Several leaders of the insurance industry joined nearly 200 New York corporate executives in a letter urging members of Congress to certify the election of Joe Biden as President without delay this week and support a smooth transition of power.
“This presidential election has been decided and it is time for the country to move forward. President-elect Joe Biden and Vice President-elect Kamala Harris have won the Electoral College and the courts have rejected challenges to the electoral process. Congress should certify the electoral vote on Wednesday, January 6. Attempts to thwart or delay this process run counter to the essential tenets of our democracy,” the letter states.
The letter was sent by the Partnership for New York City, a nonprofit organization of business leaders and employers of more than 1.5 million New Yorkers.

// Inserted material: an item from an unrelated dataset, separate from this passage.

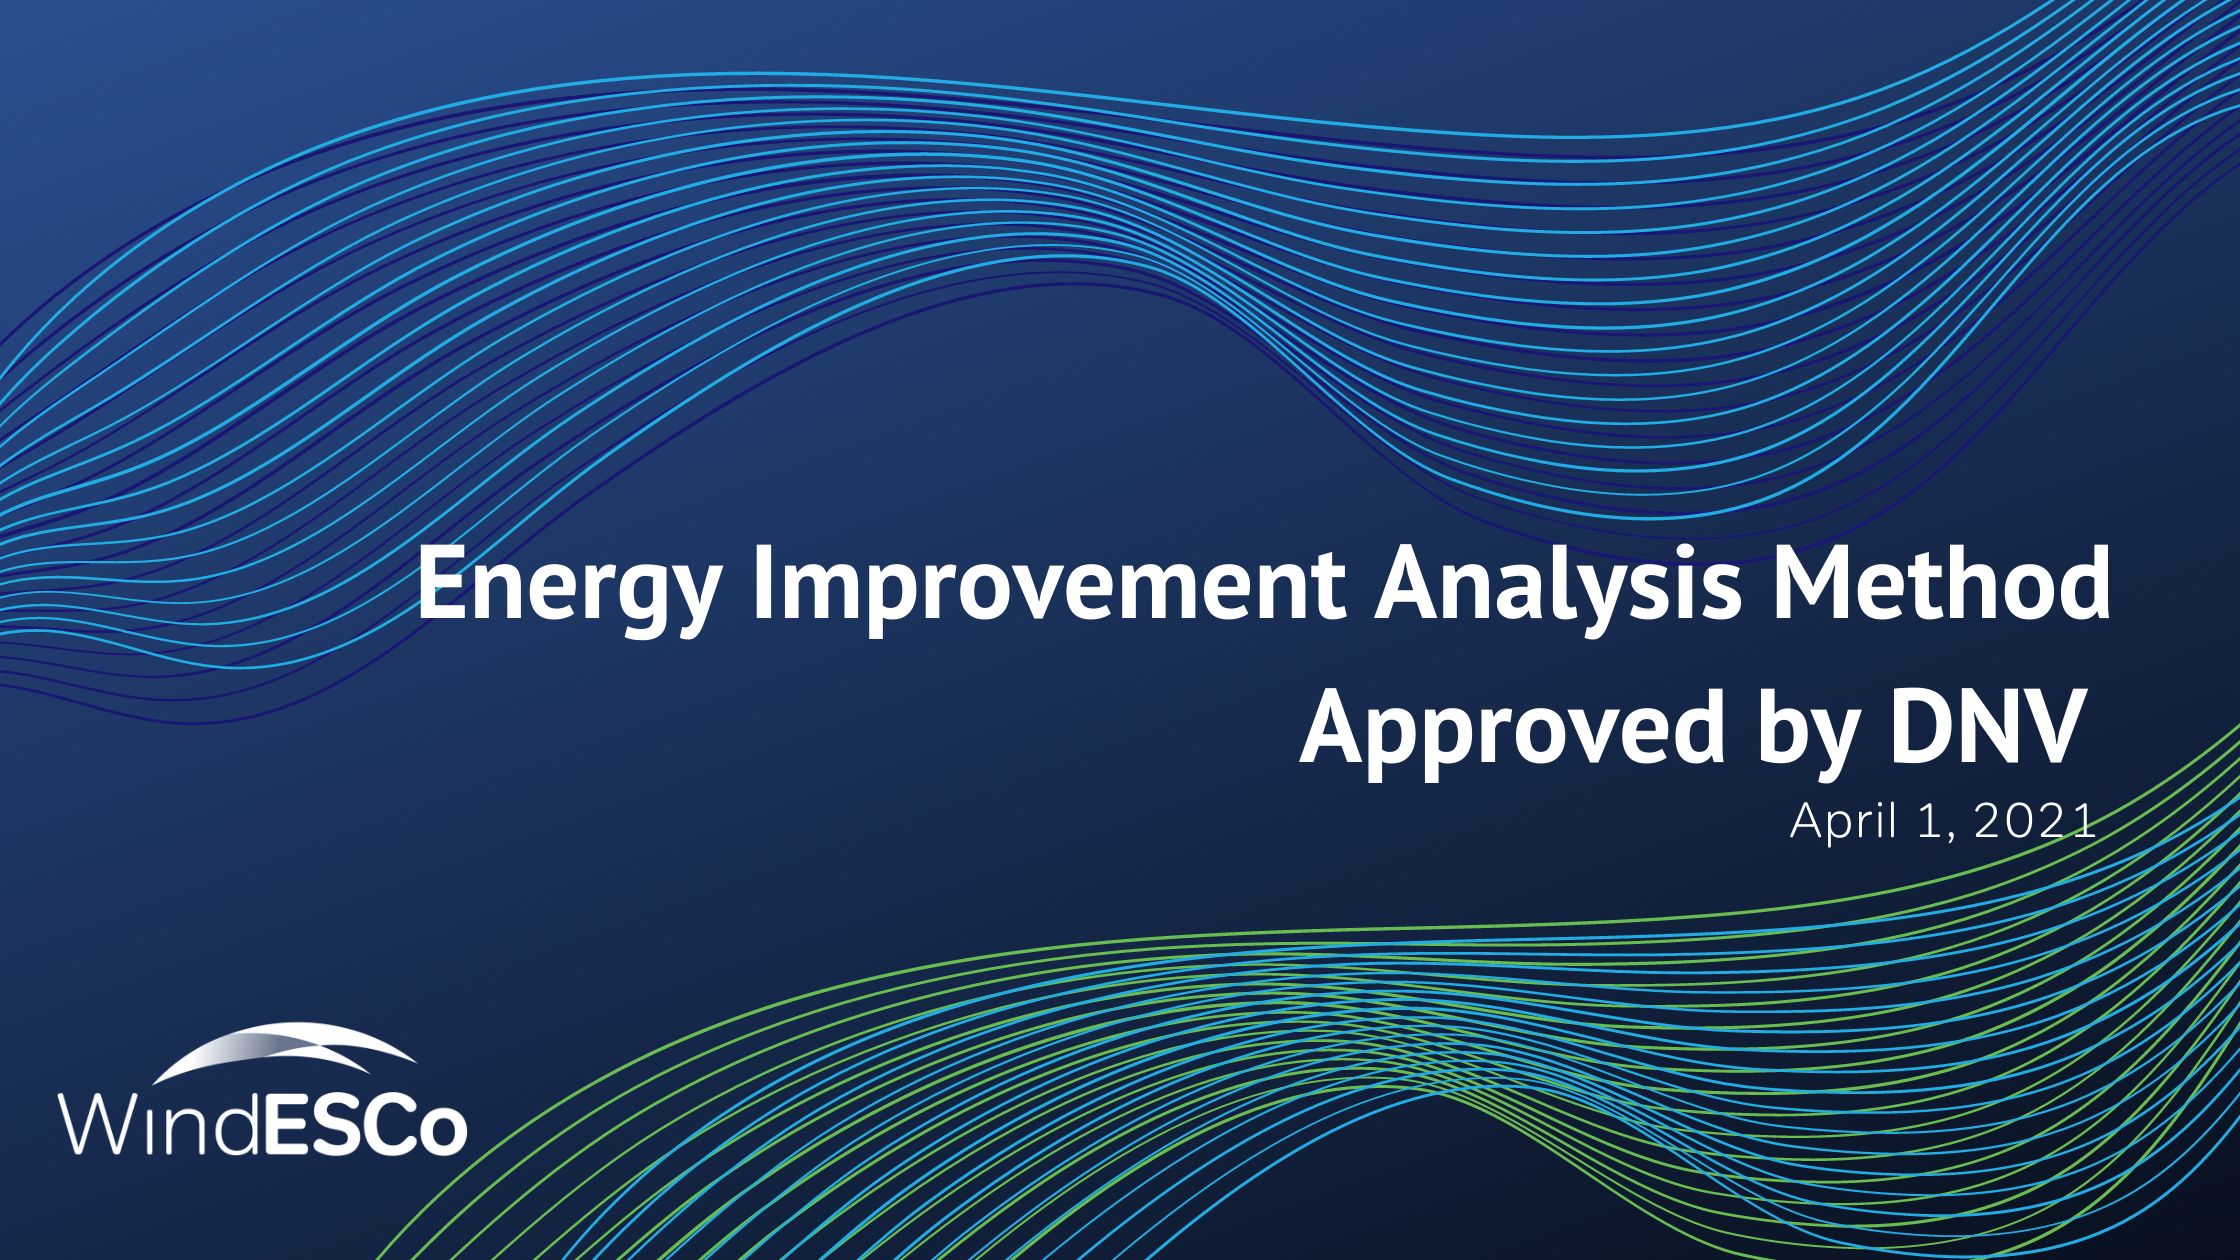 WindESCo Receives Approval from DNV for its Energy Improvement Analysis Method for Wind Turbines
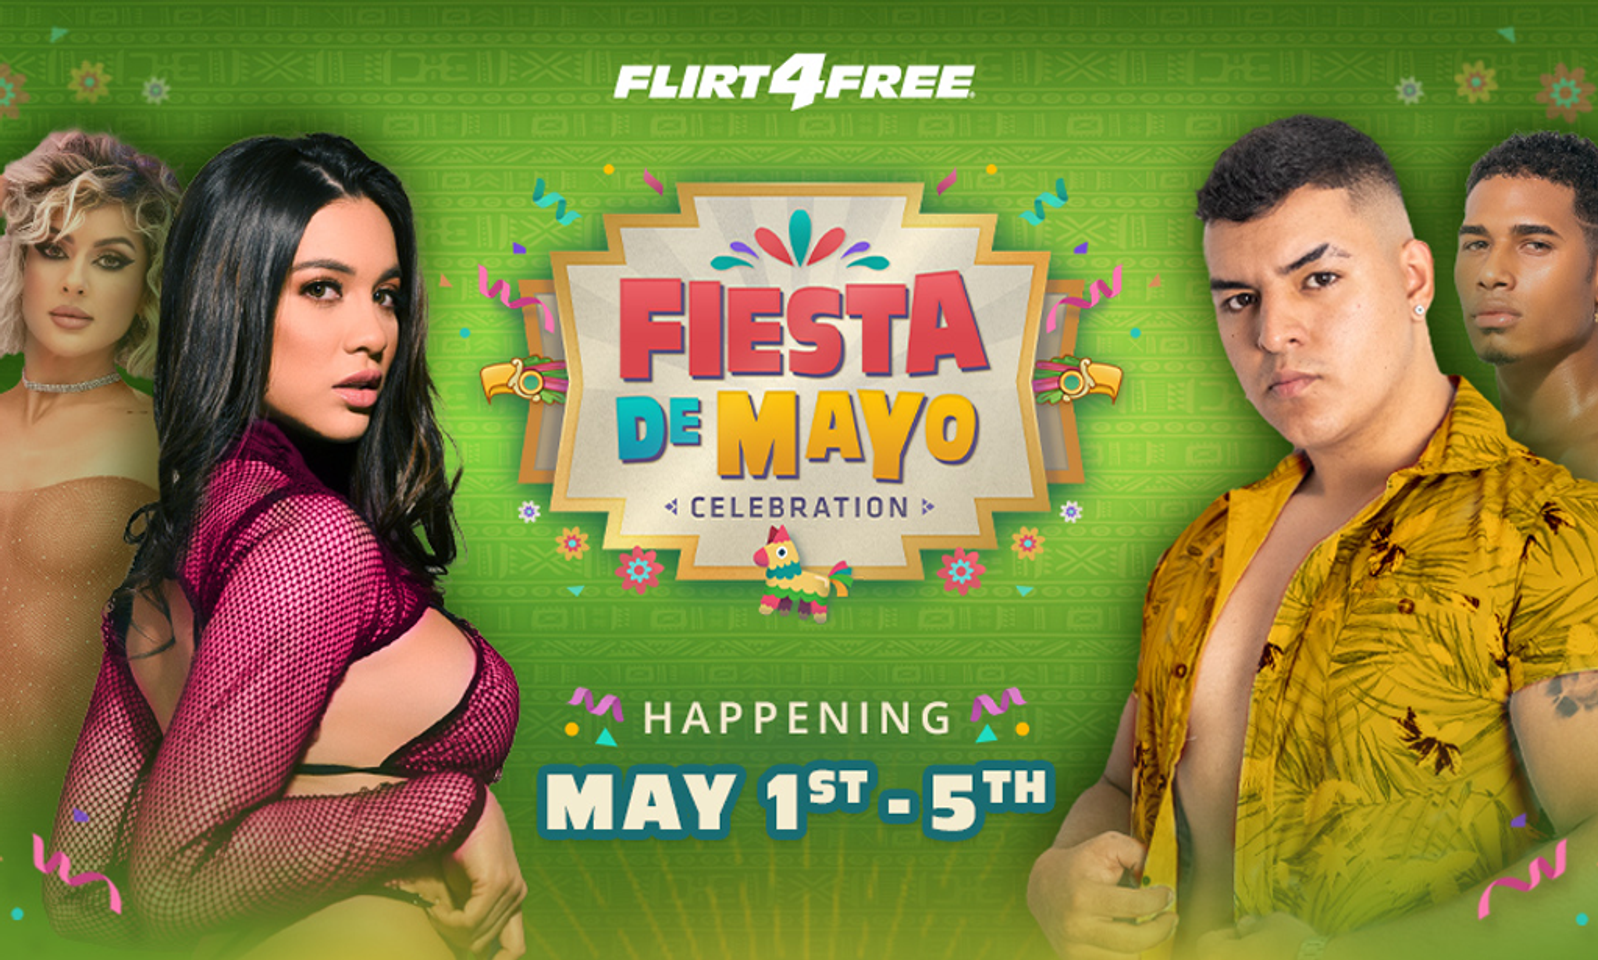 Flirt4Free Ramps Up for Annual Fiesta de Mayo Contest

“Our duly elected leaders deserve the respect and bipartisan support of all Americans at a moment when we are dealing with the worst health and economic crises in modern history. There should be no further delay in the orderly transfer of power,” the letter continued.
Among the signers of the letter from the insurance industry were:
- Brian Duperreault, Chief Executive Officer, American International Group
- Dan Glaser, President & CEO, Marsh & McLennan Companies
- Michel A. Khalaf, President & CEO, MetLife
- Andrew McMahon, President & CEO, The Guardian Life Insurance Company
- Mark Pearson, President & CEO, Equitable
- John Romeo, Managing Partner, Oliver Wyman
- Philip K. Ryan, Chairman, Swiss Re Americas
- Alan D. Schnitzer, Chairman & CEO, The Travelers Companies
Others signing the letter included leaders from Pfizer, CIT Group, Mastercard, National Grid, Con Edison, Edelman, Cushman & Wakefield, Moody’s, Lyft, BlackRock, The Carlyle Group, Boston Consulting, United Airlines, National Basketball Association, Deloitte, KPMG, Apollo Global Management. Etsy and other firms and organizations.
Congress is scheduled to hold a joint session on Wed., Jan. 6 to ratify Biden’s 306-232 Electoral College win. Some Republican members have said they will object and force votes in both chambers.